Mass spectrometry has been used a lot in biology since the late 1950 s. However it really came into play in the late 1980 s once methods were developed to allow the analysis of large intact (bigger than 1,000 Daltons) molecule. Two soft ionization techniques, Electrospray and Matrix Assisted Laser Desorption led to a huge jump in popularity as did the development of much more compact (bench top rather than whole laboratory) mass spectrometers. 1!
Mass spectrometry is dependant on the ability to turn the analyte of interest into individual but intact, charged molecules in the gas phase. These are released into a low pressure area (a vacuum from 10-3 to 10-10 torr) where they can be manipulated by electrostatic and/or magnetic fields and separated. The force fields require the molecule to be charged, neutral molecules cannot be manipulated and are lost from the system. 2!
Here the spectrum of a small molecule caffeine, shows basically one main peak and a few larger but much less intense peaks. 3!
Isotope distributions in nature: Carbon C12 (98.9%), C13 (1.1%), C14 (small) Hydrogen H1 (99.98%), Deuterium (0.015%), Tritium (small) Oxygen O16 (99.8%), O17 (0.04%), O18 (0.2%) Sulphur S32 (95.0%), S33 (0.8), S34 (4.2%) These atoms are common in biological systems. Since the heavy isotopes are rare, this is not significant for most small molecules. Once one starts to look at biological molecules like peptides, the mass changes can be significant. For example, insulin has a mass of over 6,000 and thus a 1% shift by each of carbon, oxygen, hydrogen etc. can spread the mass from the lightest molecule (all C12, H1, O16 etc) to the heaviest (all C13, D2, O18 etc) over a range of 20-30 mass units. However some elements such as bromine have almost equally distributed isotopes (Br79 50.5% and Br 81 49.5%) which give rise to spectra with all peaks appearing as doublets. The effect of the isotope distribution on the shape of the spectrum (sometimes called the isotope envelope) becomes much more pronounced when analysing larger biomolecules. Here the various masses are shown for the peptide hormone glucagon. 4!
Here is a spectrum of pure substance P, a peptide.
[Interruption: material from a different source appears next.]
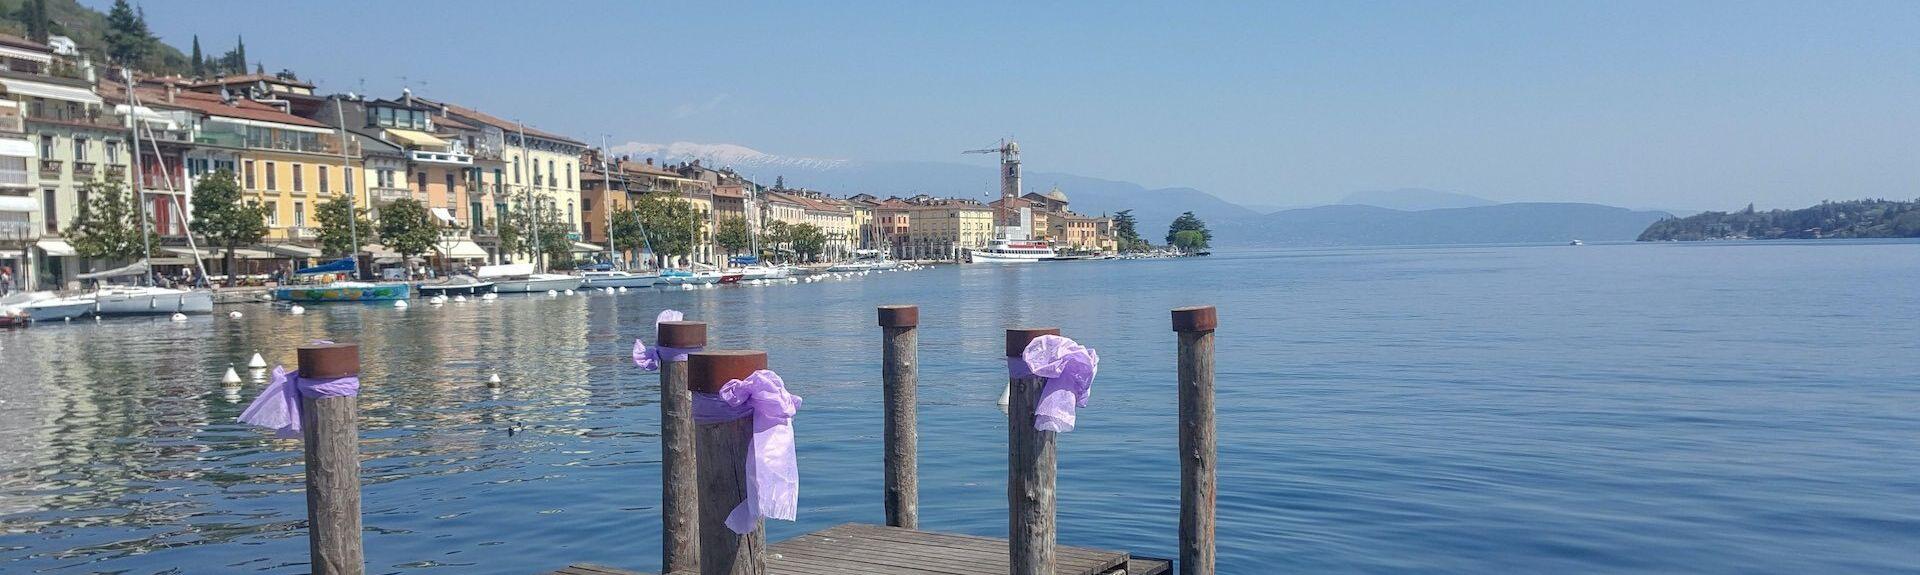 Provinz Brescia, Lombardei, Italien

Since a mass spectrometer always measures m/z the mass to charge ratio, two peaks are found. Here we see two main peaks, the doubly and singly charged ions. 5!
In order to find out what you are looking at, i.e. is it singly, doubly etc charged, one looks at the details of the isotope distribution. Since isotopes are always one mass unit apart, if the peaks are one unit apart, the ion is singly charge since the mass difference (1 mass unit) divided by the charge (1+) is 1. 6!
If the peaks are 0.5 mass units apart, they are doubly charged. Remember m/ z,that the mass difference is 1 unit between isotopes and if the charge is 2 then the the mass change is 1/2 = 0.5 7!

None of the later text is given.